There is a huge difference in regard to HVAC needs in South and Pacific Northwest.........

The suggested path for an ERV package here in my location is like taking a sledgehammer to combat a flea.......................matter of fact, for the most part, injecting moisture into homes in Pacific Northwest can be as important/needed than visa versa..................yeah, makes no sense in monsoon country, but it is...........what it is.
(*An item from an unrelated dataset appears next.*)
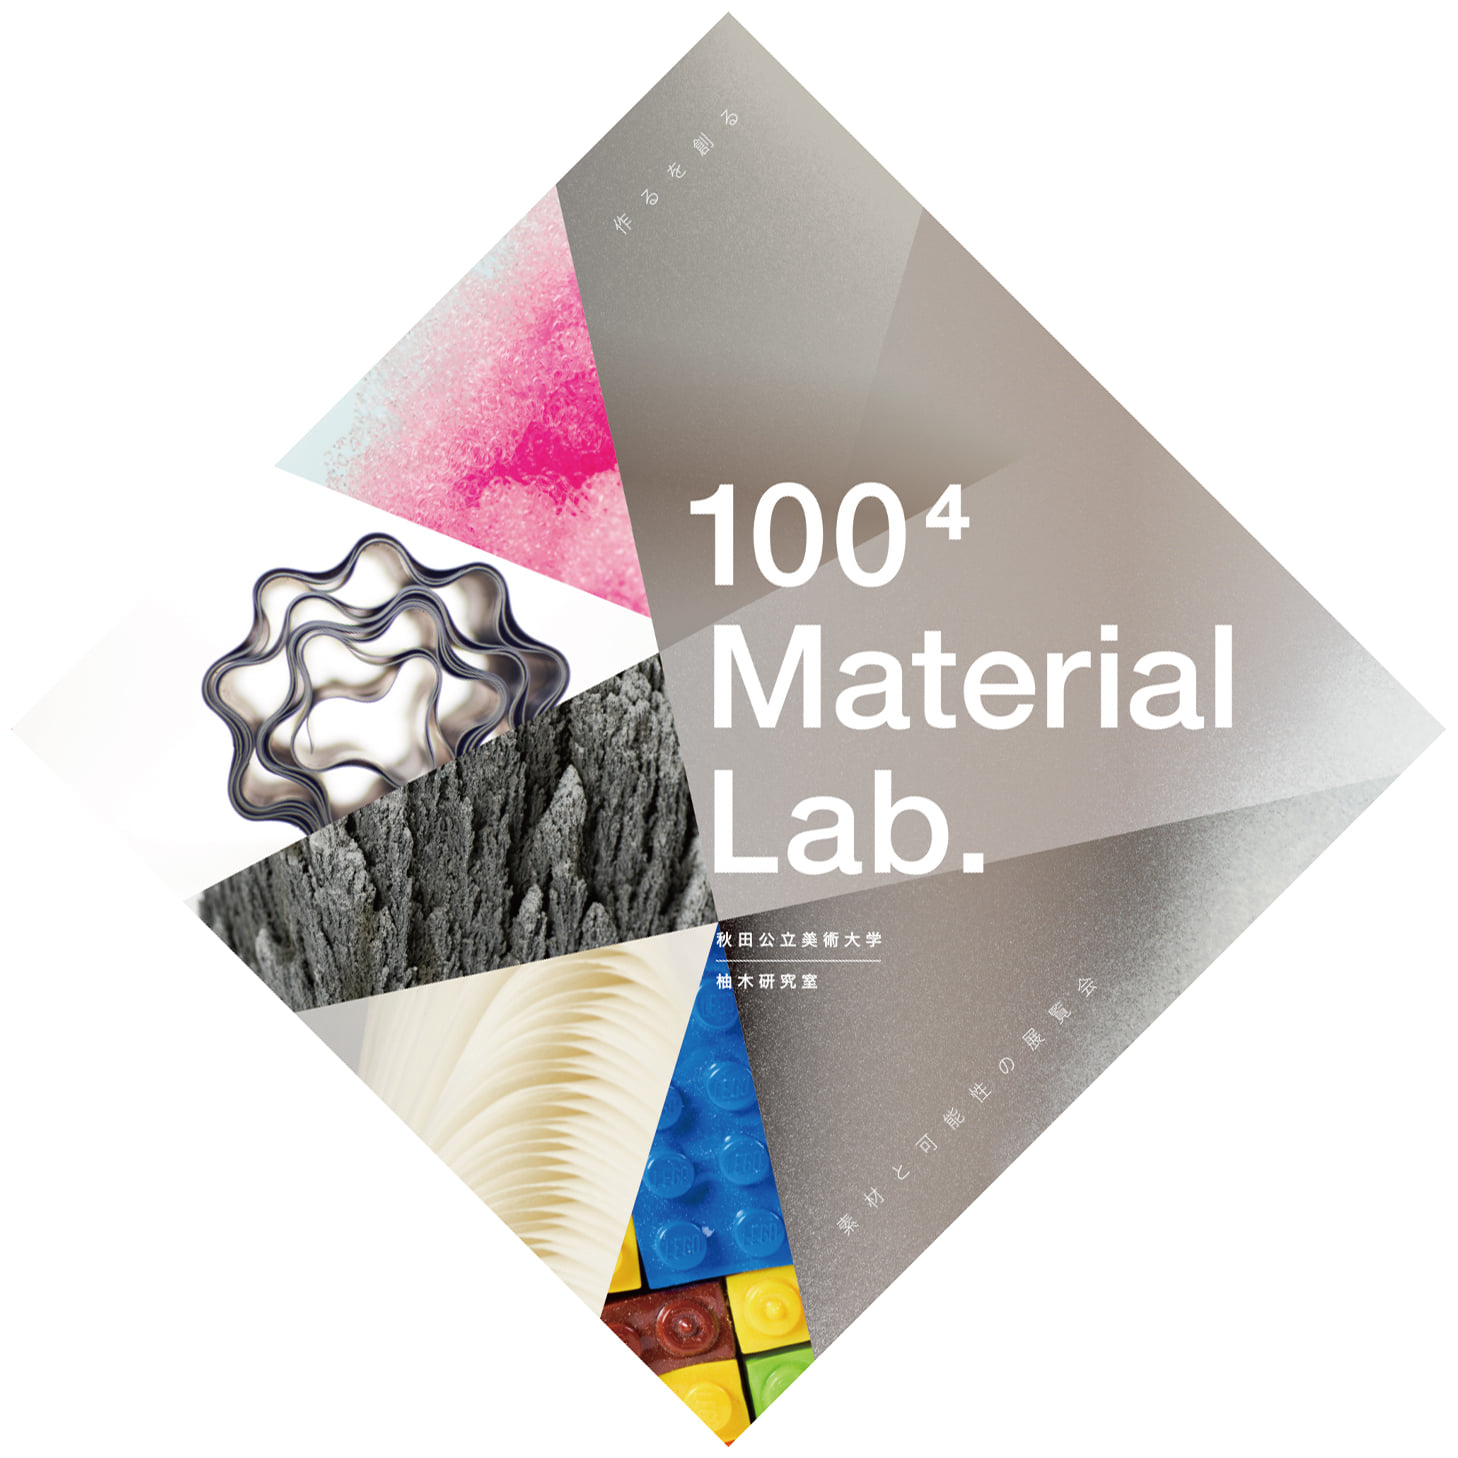 柚木恵介准教授が 「100⁴ Material Lab. -作るを創る、素材と可能性の展覧会-」を開催します
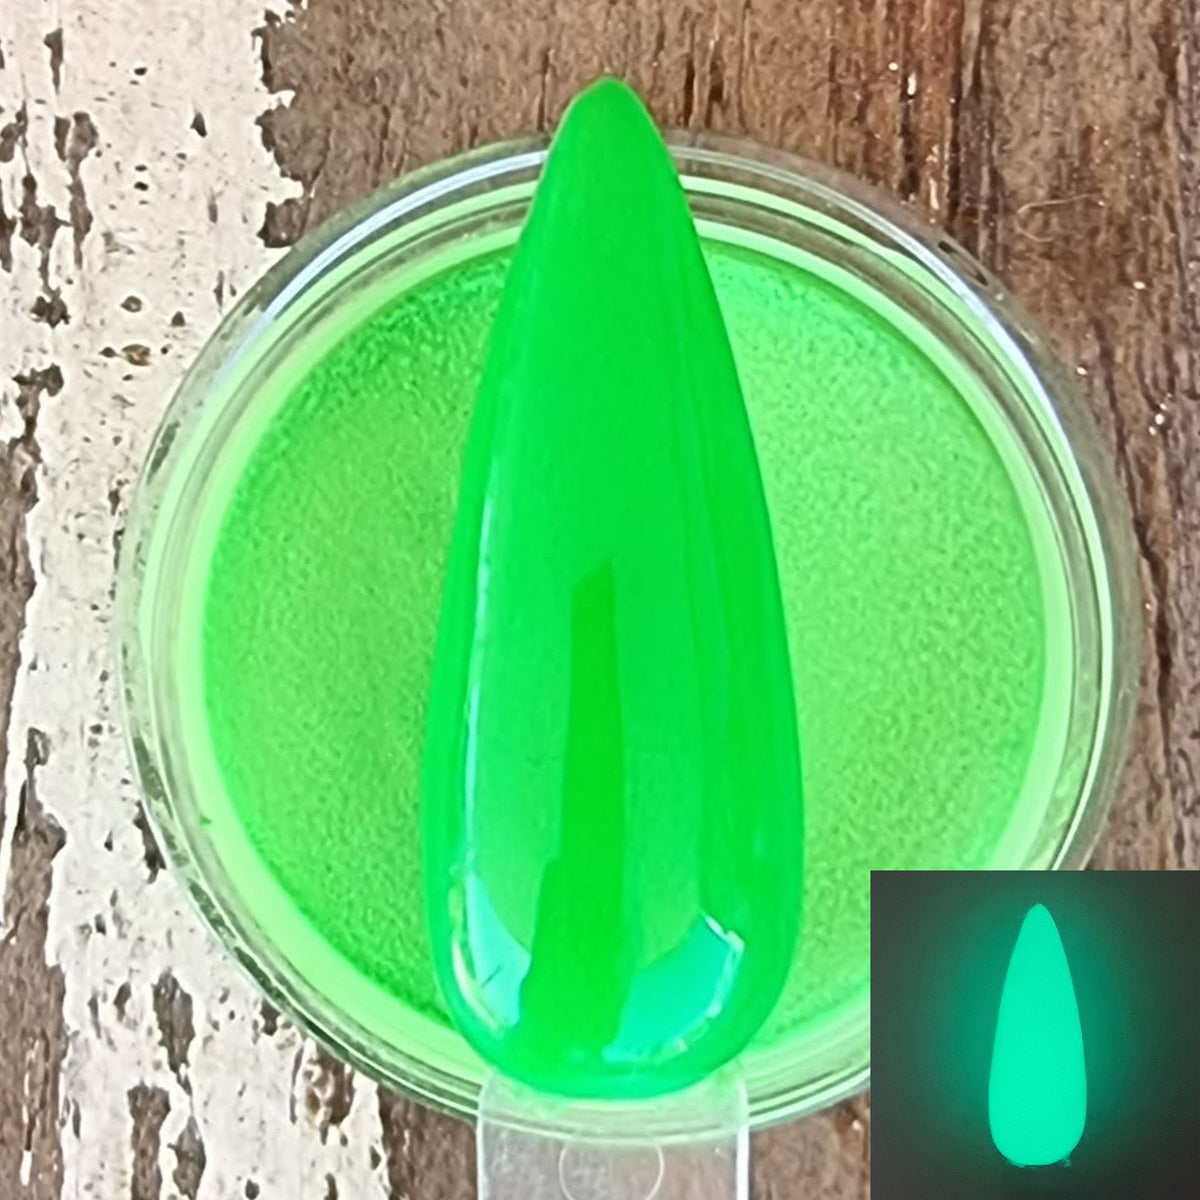 Pot and Swatch of Green Lantern Dip Powder

With energy ratings as such............and with homes now sealed tighter than a drum..............bringing outside filtered air in home from any source is extremely helpful considering most home owners never think about negative pressure and its effects. Think about it......................go to great lengths to achieve Energy Star Certification yet with one flipped switch on a 1200 cfm blower can ruin and throw all efforts out the window. Speaking of windows.................."Big" has a good idea about opening up a window............though I do see through his sarcasm. We're all making this replacement air/quality issue bigger and more complicated than it has to be........................JMHO

Yes I agree. I just met with the HVAC guys and they are going to put together a plan tonight. Thanks for all the input....it was beneficial during my conversation today.
post #53 of 53
Quote:
Originally Posted by doublewing11 View Post

There is a huge difference in regard to HVAC needs in South and Pacific Northwest.........

Right, and dlbeck's profile says he is in Des Moines, IA. Wikipedia lists the climate as hot, humid summers. What worked for you, apparently in an arid climate, isn't necessarily going to work well for him.